Write back every line of the listing exactly, excluding images.

▶ [Material provided]
========

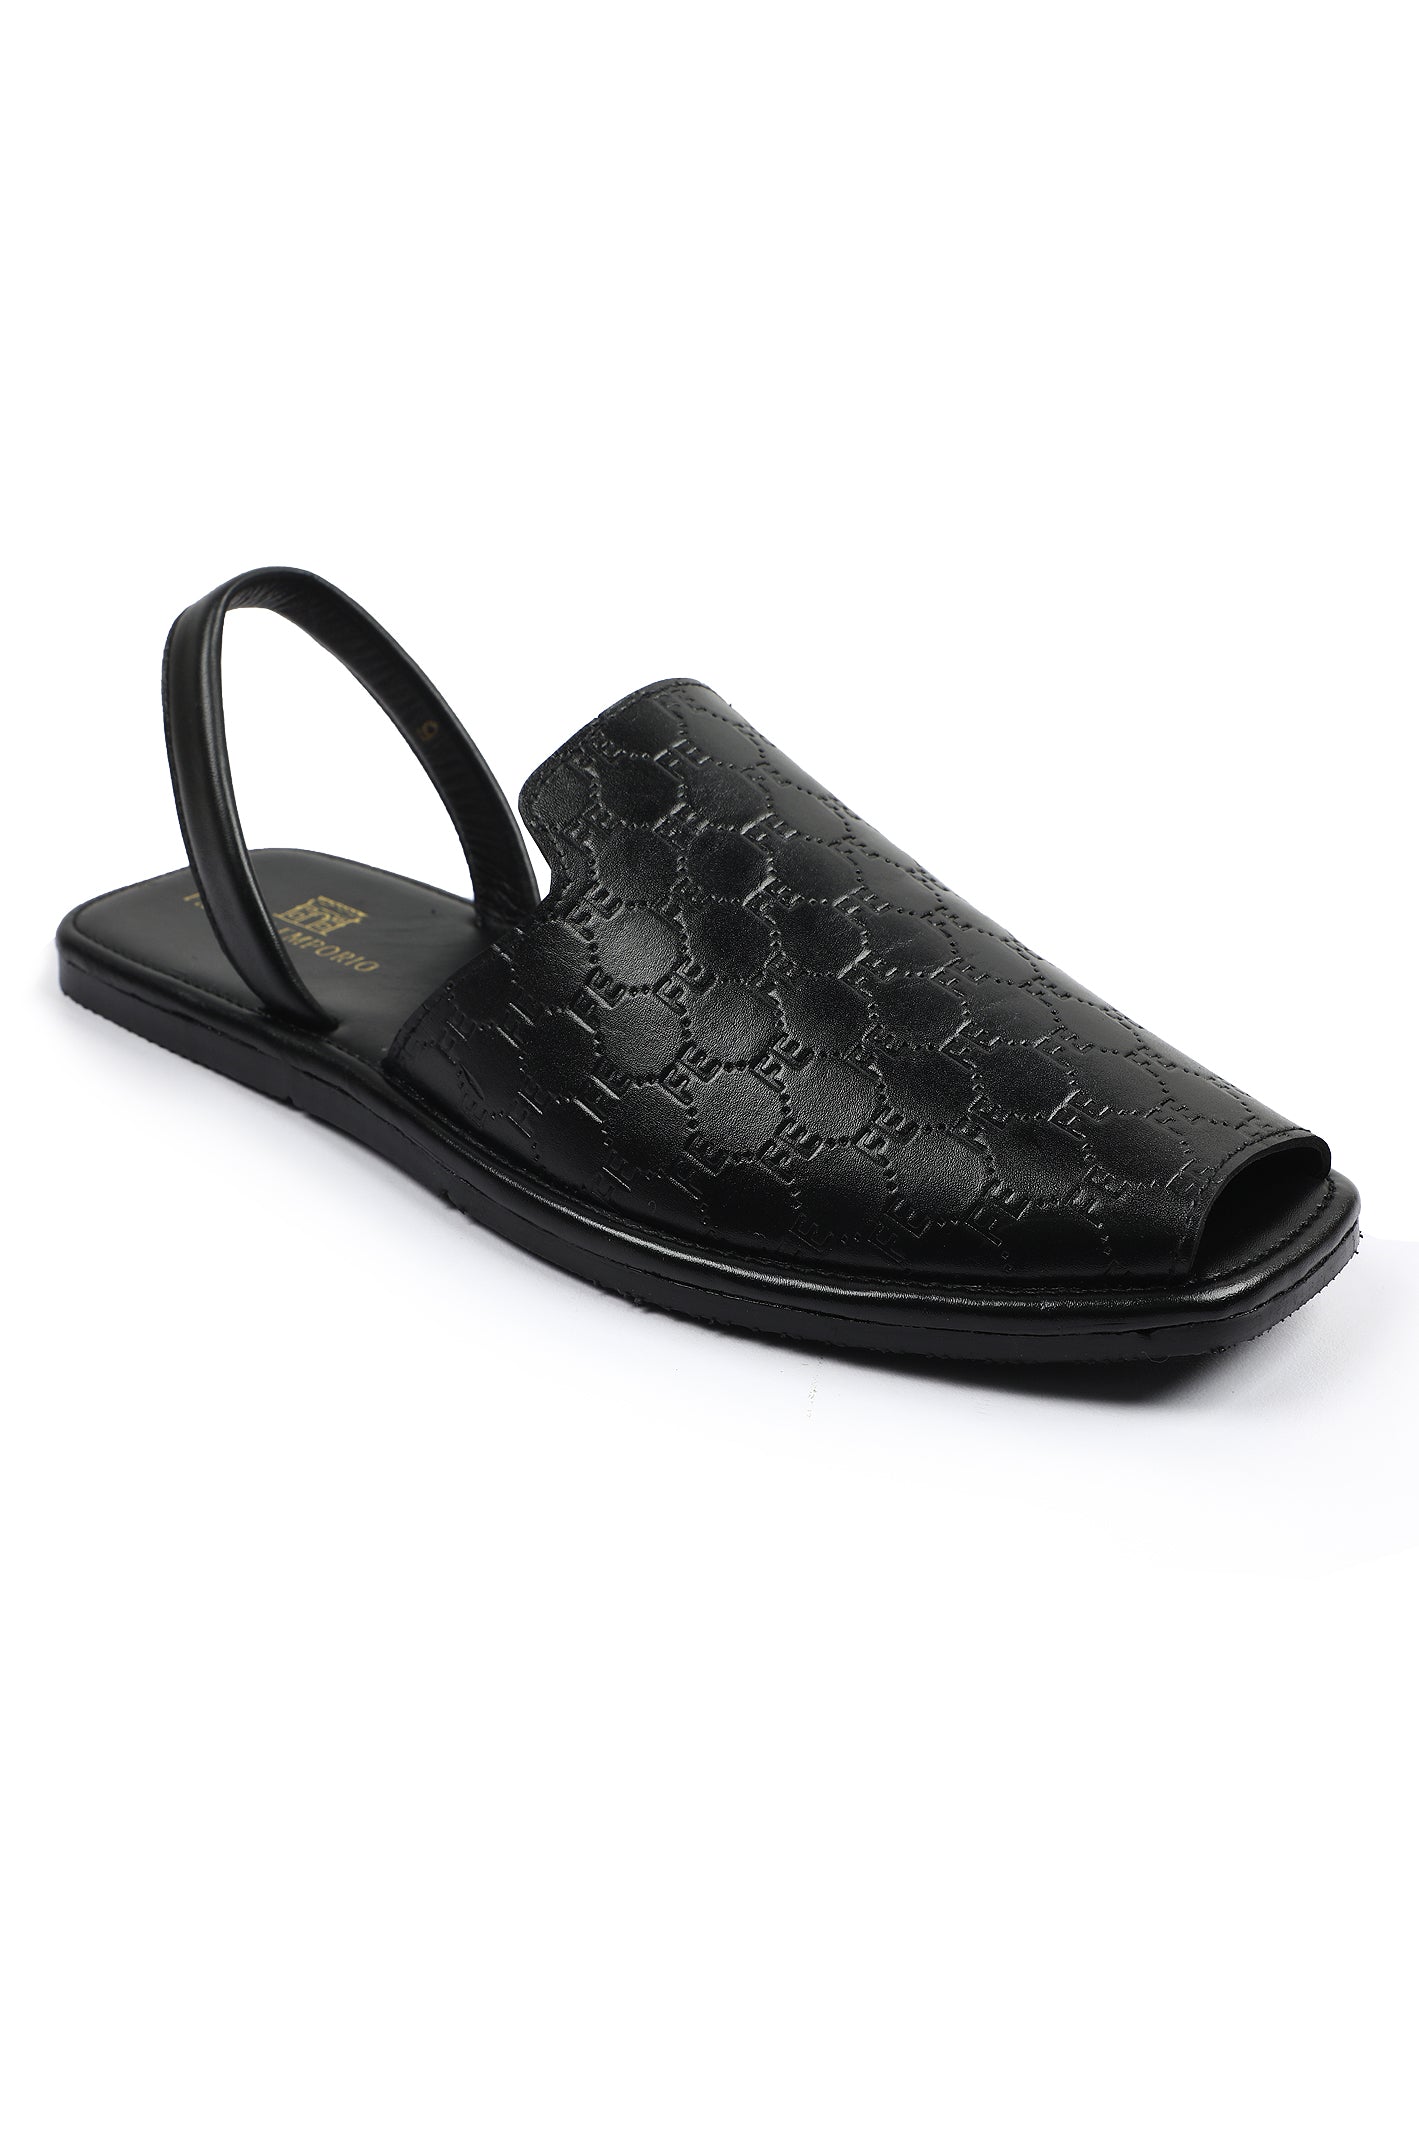 French Emporio Men's Sandal SKU: SLD-0039-BLACK - Diners
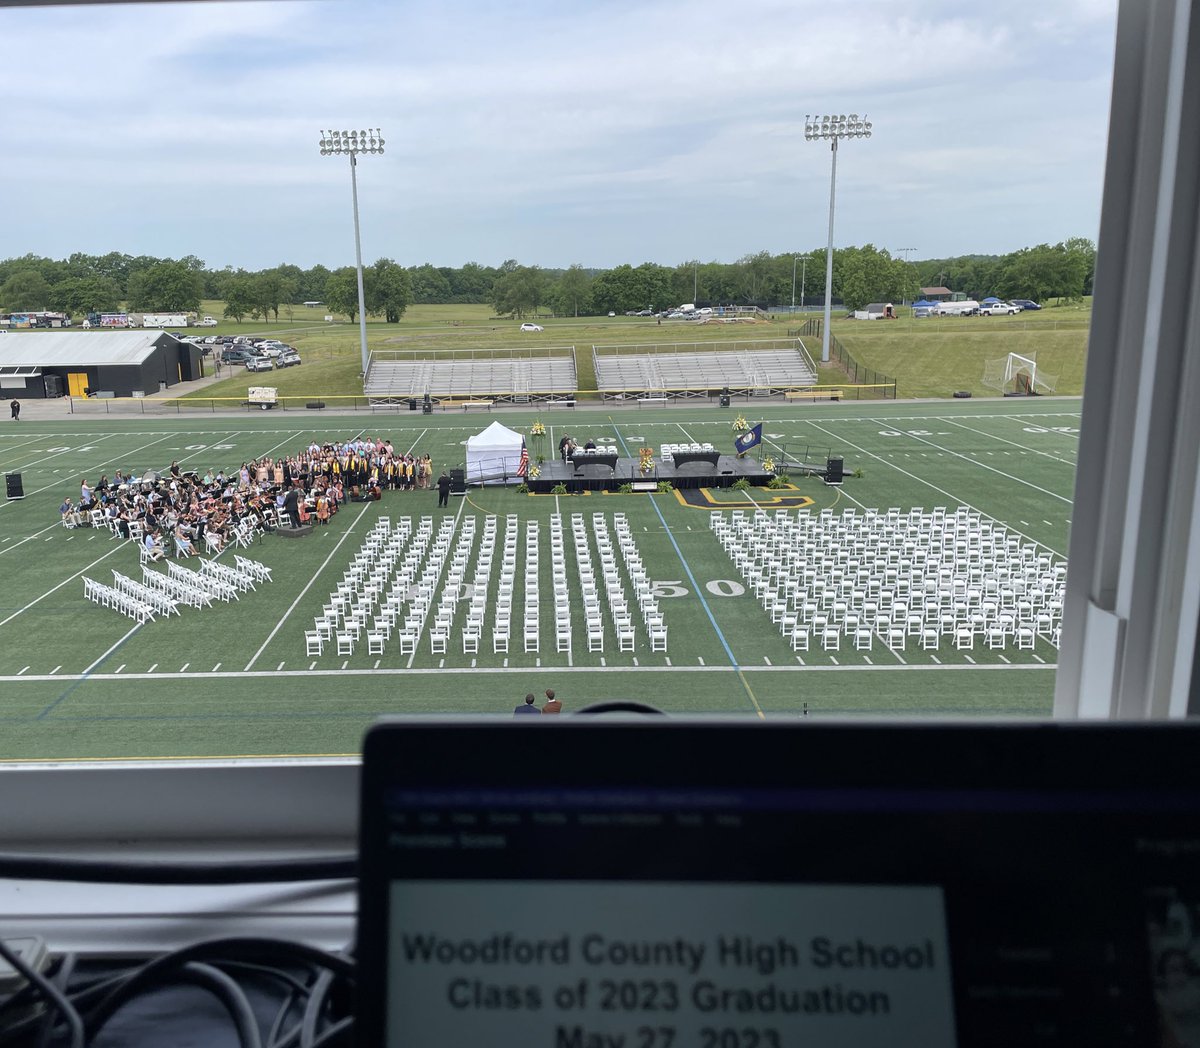 Congrats to the Class of 2023 Graduates! @WoodfordCoPS #KidsWin
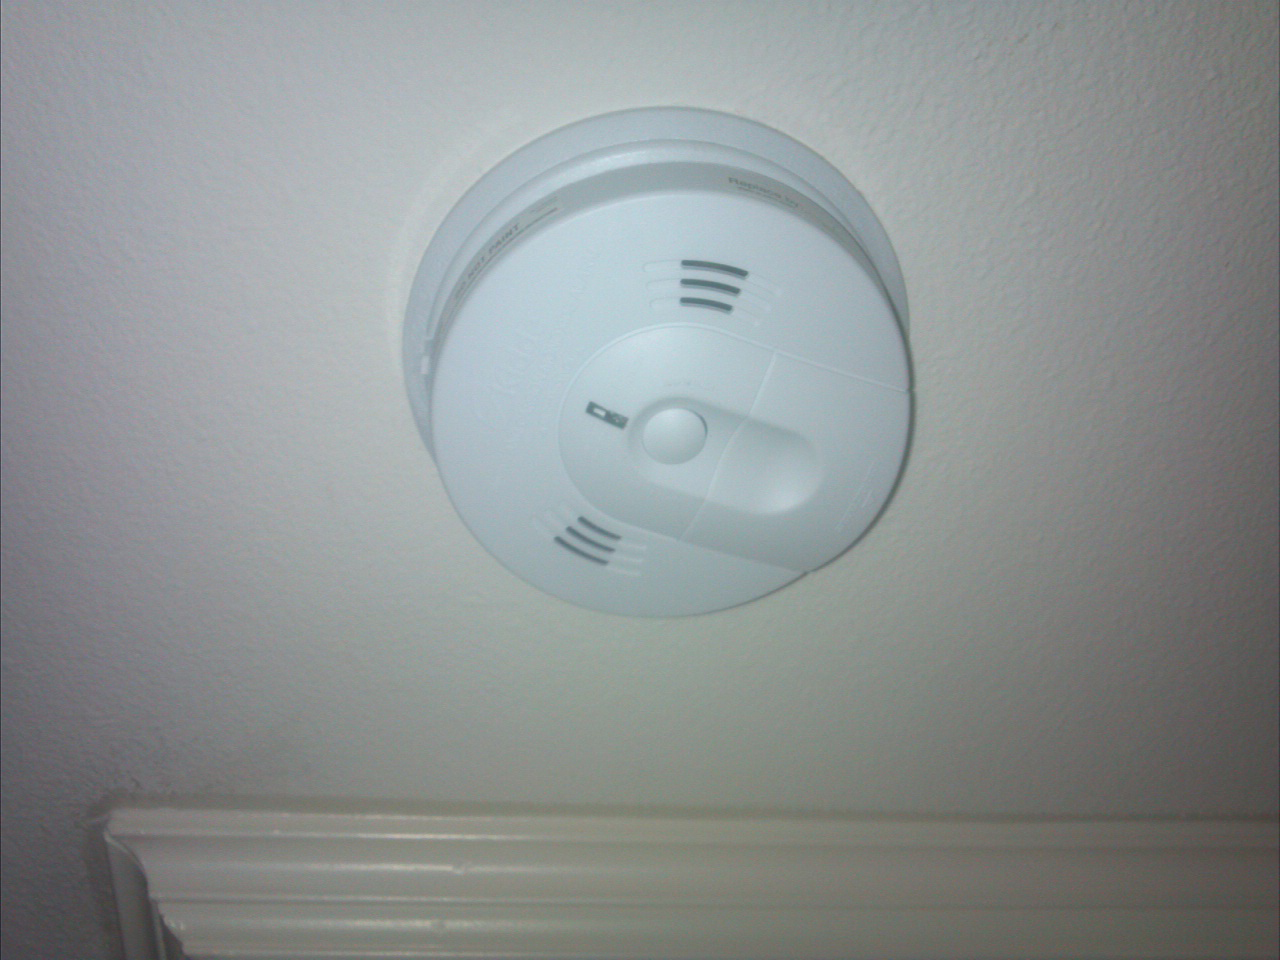 Install carbon monoxide Detector

========

▶ [Answer section]
 French Emporio Men's Sandal SKU: SLD-0039-BLACK - Diners
 Congrats to the Class of 2023 Graduates! @WoodfordCoPS #KidsWin
 Install carbon monoxide Detector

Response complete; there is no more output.